Laying out an estate plan is no easy feat. The challenges that often arise can come up in a variety of contexts, too. Those with blended families, young children, and a desire for asset distribution that is anything other than evenly divided amongst loved ones need to carefully consider how their estate plan is drafted to obtain desired results. While this may mean the creation of a will and a number of trusts, estate planning is about much more than just determining how one’s assets will be distributed upon his or her death.
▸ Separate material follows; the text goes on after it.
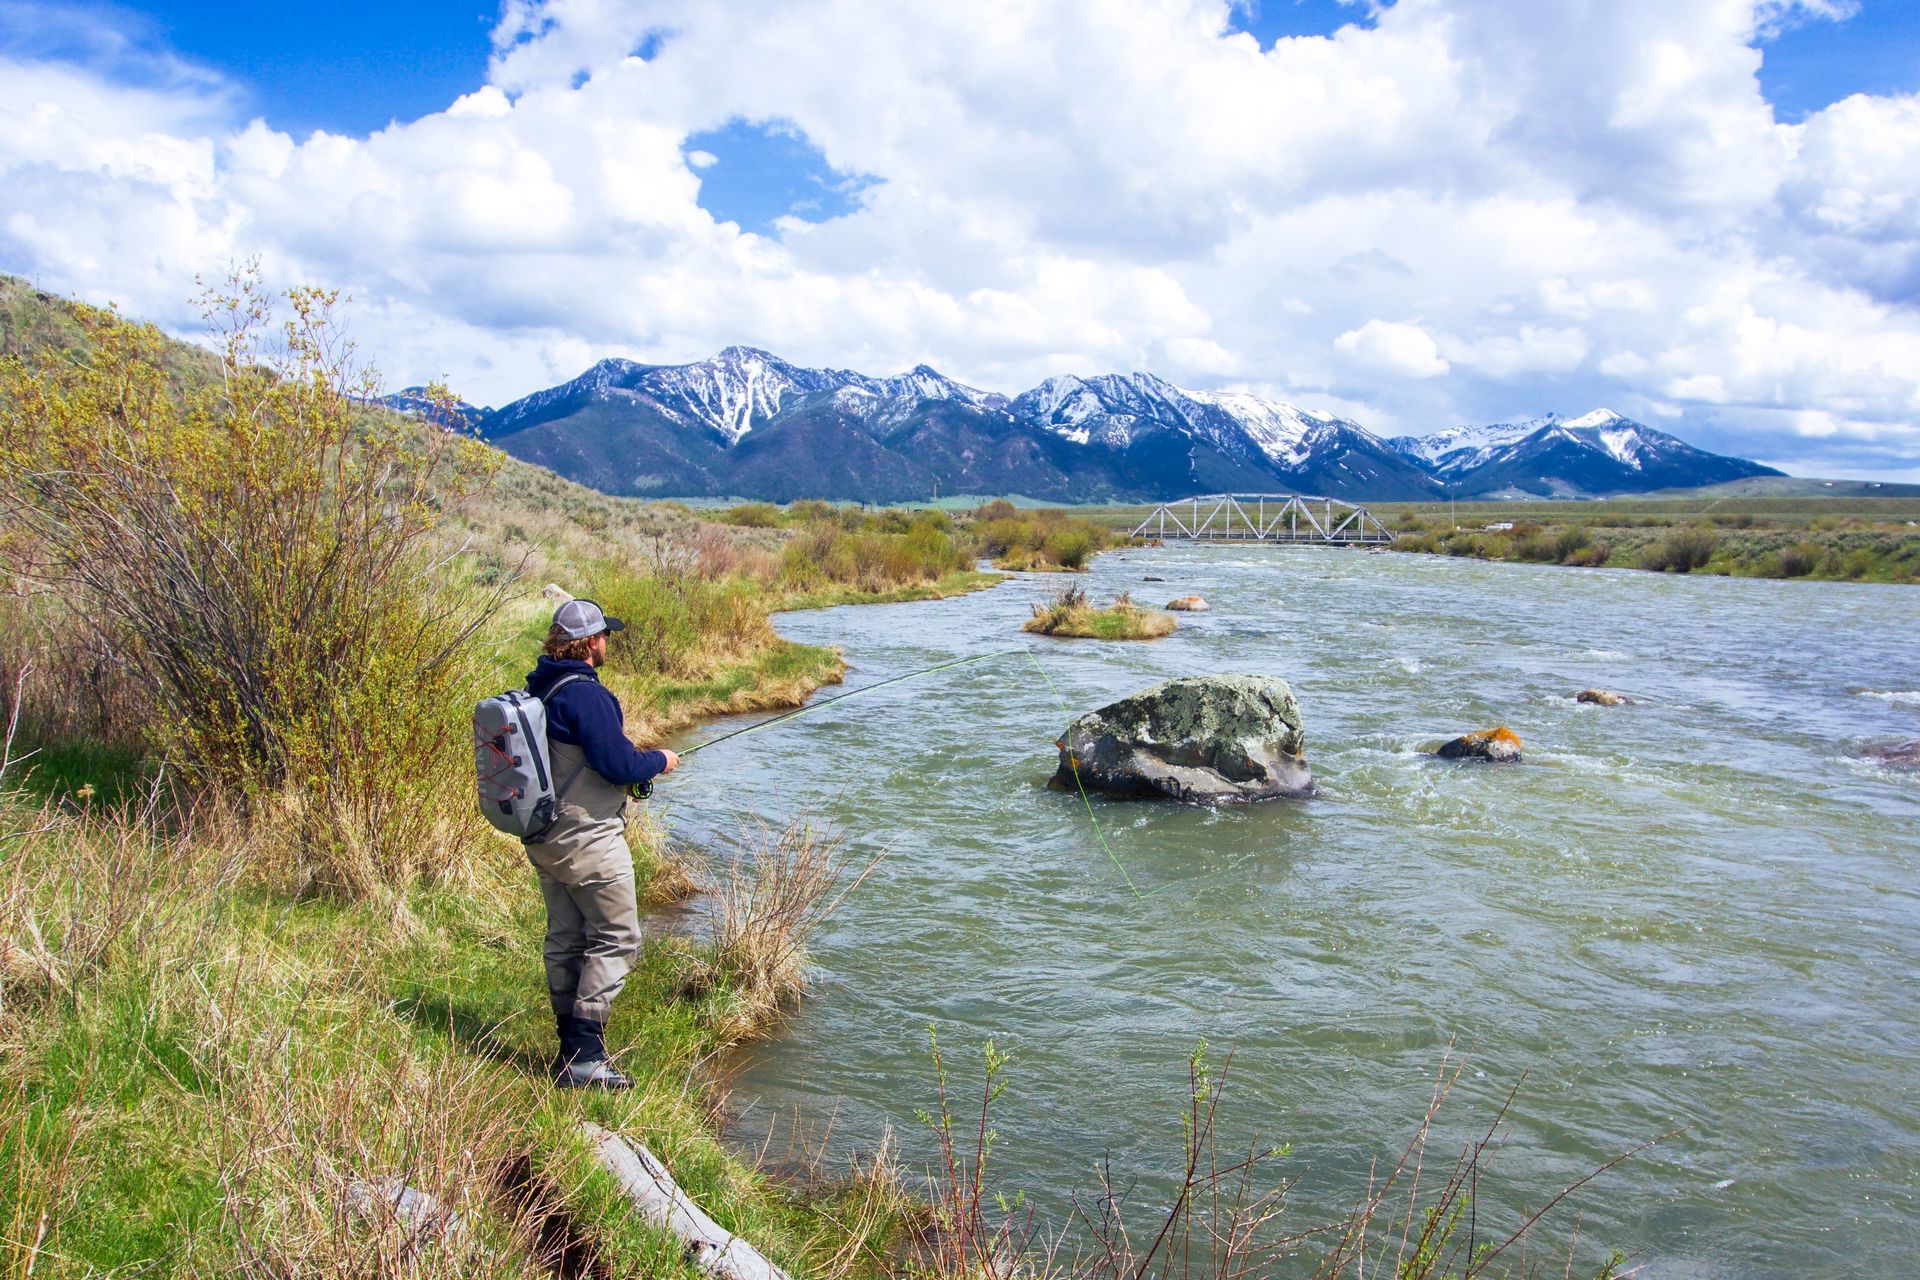 A man is fishing in a river with mountains in the background.

For example, when a trust is created, an individual can name another person to serve as the trustee. This individual has a fiduciary duty, meaning that he or she has a duty to act in the best interests of another. The trustee also holds title to assets that have been placed in the trust, making him or her responsible for how those assets are utilized. Oftentimes these assets need to be invested to maintain the trust’s viability for as long as possible, which is why trustees are oftentimes better off if they consult with a financial expert.
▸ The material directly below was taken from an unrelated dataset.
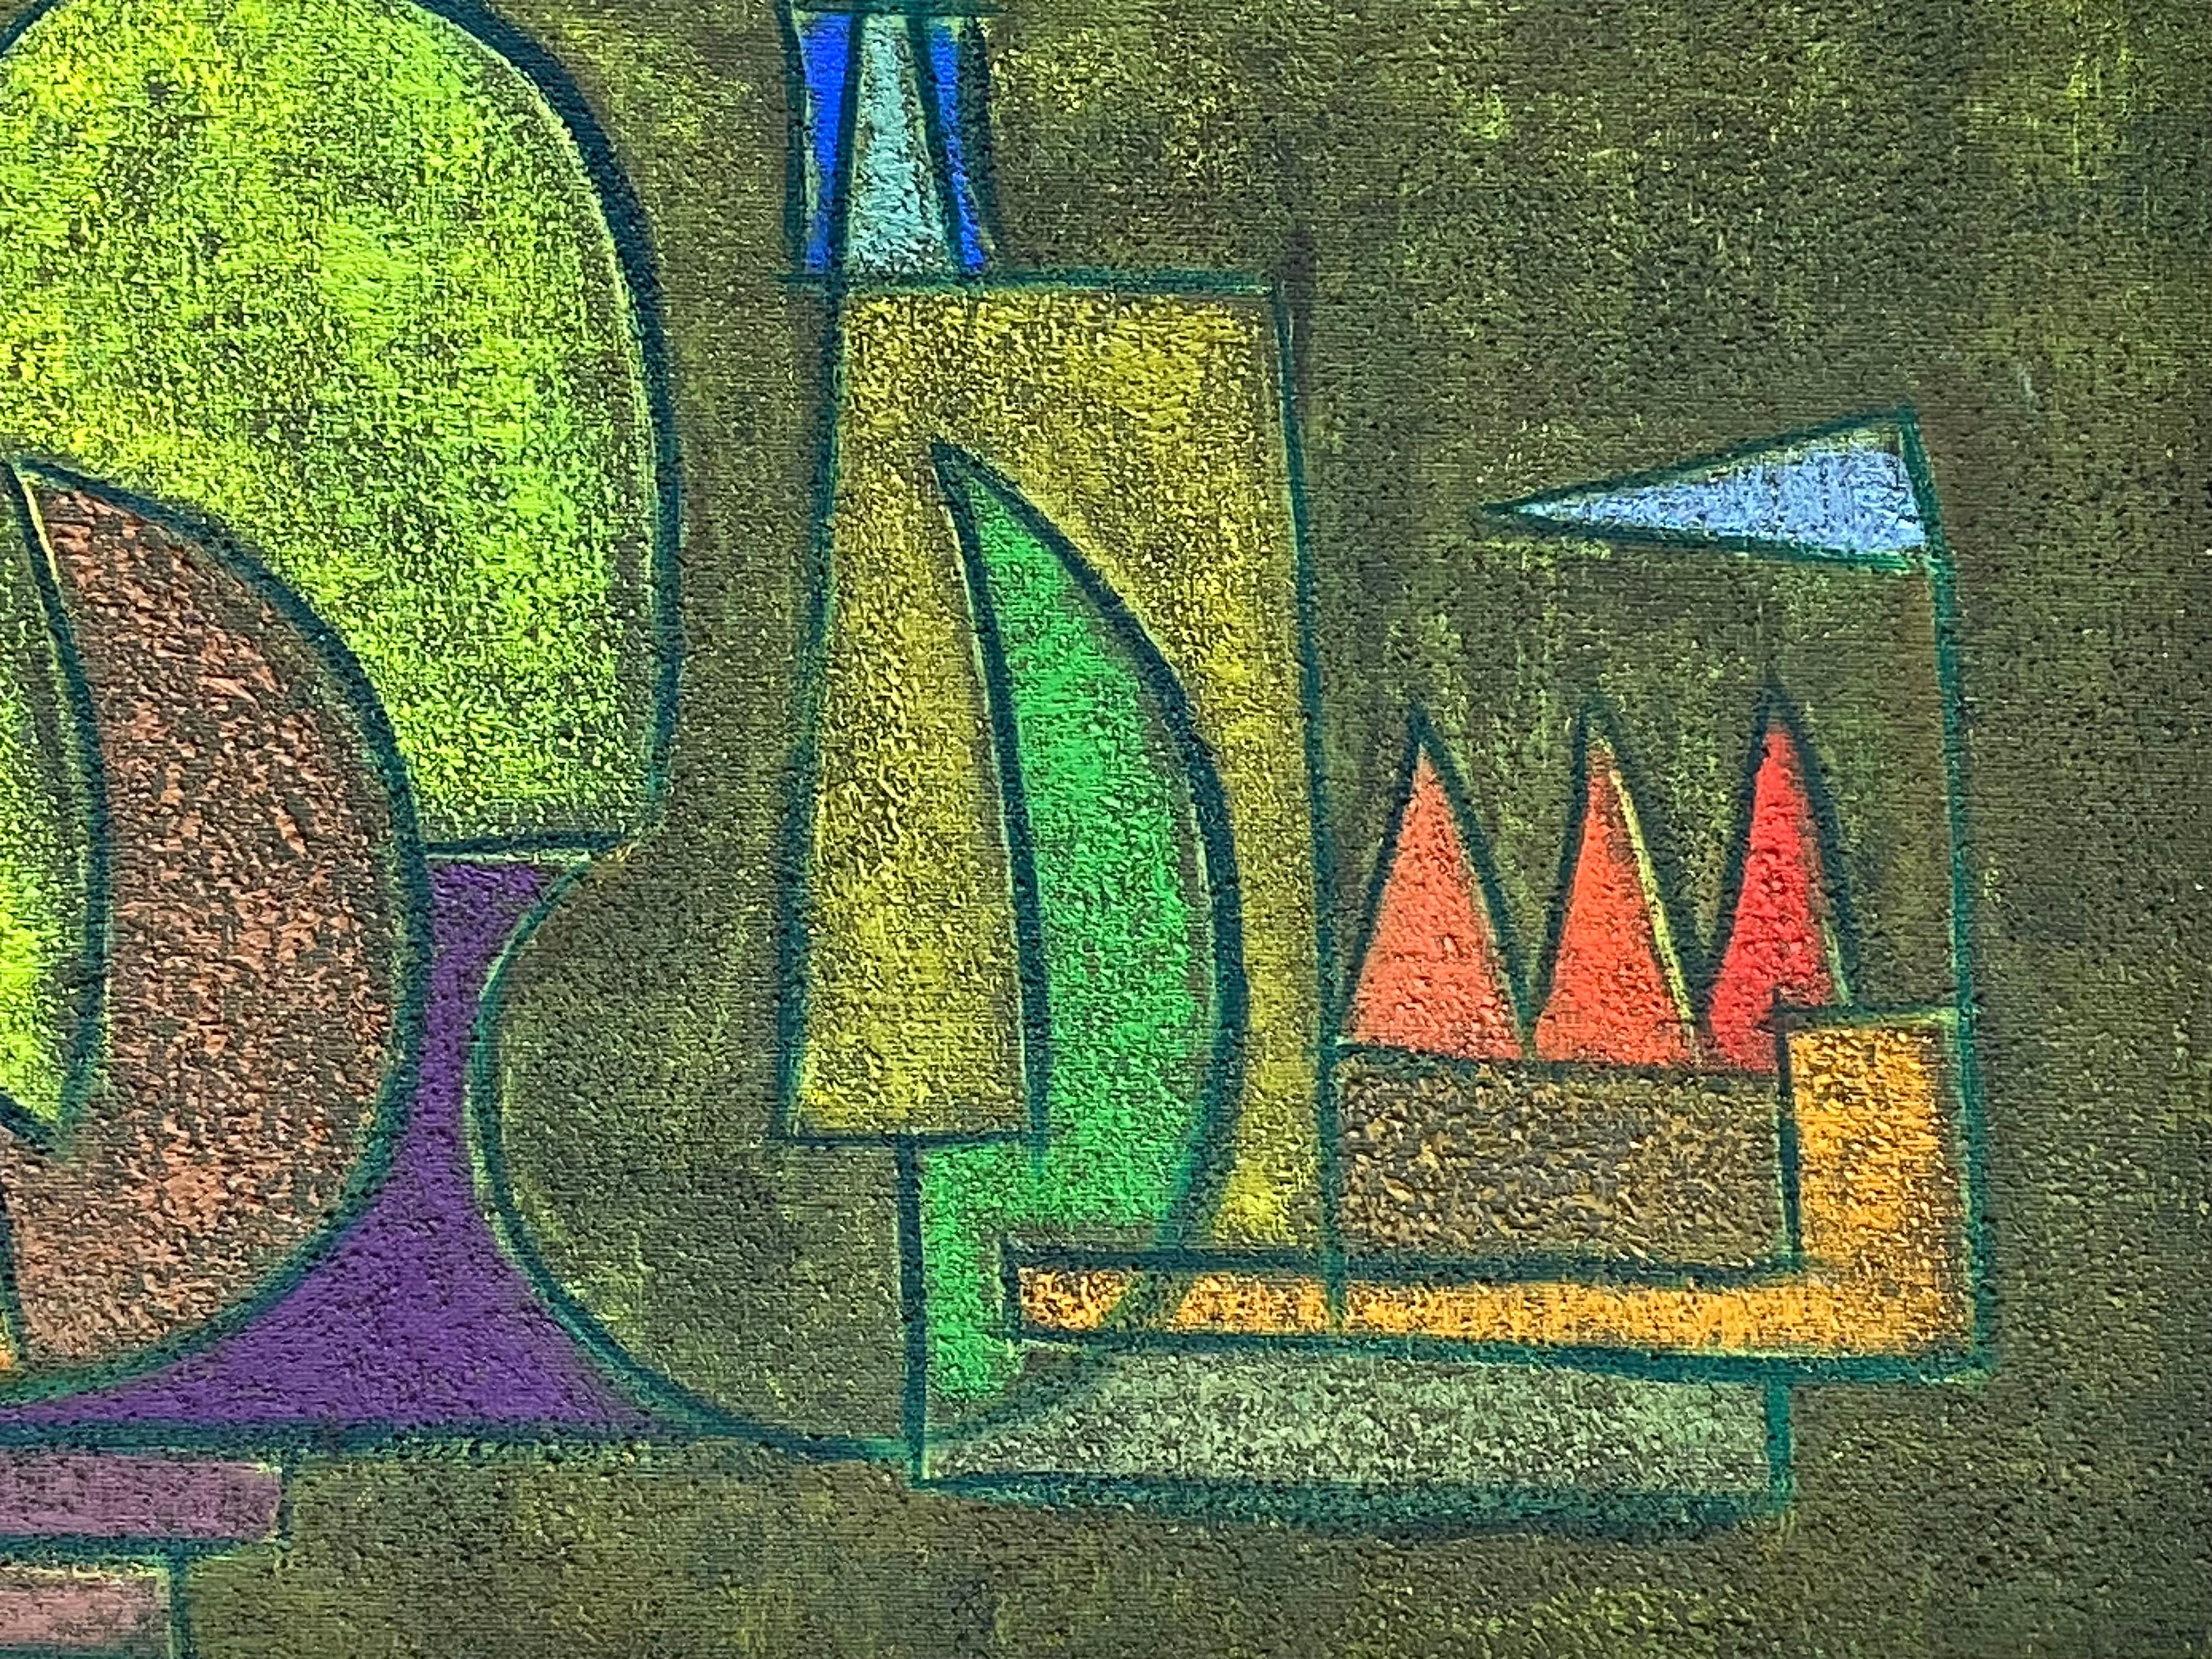 “Abstract Sailboats” - American Modern Painting by William Katz

Trustees have other duties, too. Chief amongst them is recordkeeping. Trustees often have to file tax-related documents, provide statements to trust beneficiaries, and submit reports to the court. Sometimes trustees find themselves embroiled in legal disputes, too, especially when beneficiaries claim that the trust’s assets are being mismanaged or improperly dispersed.
Many Californians think it’s a good idea to name a family member or friend in their estate plan to serve as a trustee. Sometimes these arrangements work out, but before making that decision it is important that all parties involved fully understand what the duty entails. An estate planning attorney can be helpful in advising individuals as to the intricacies involved with trust administration.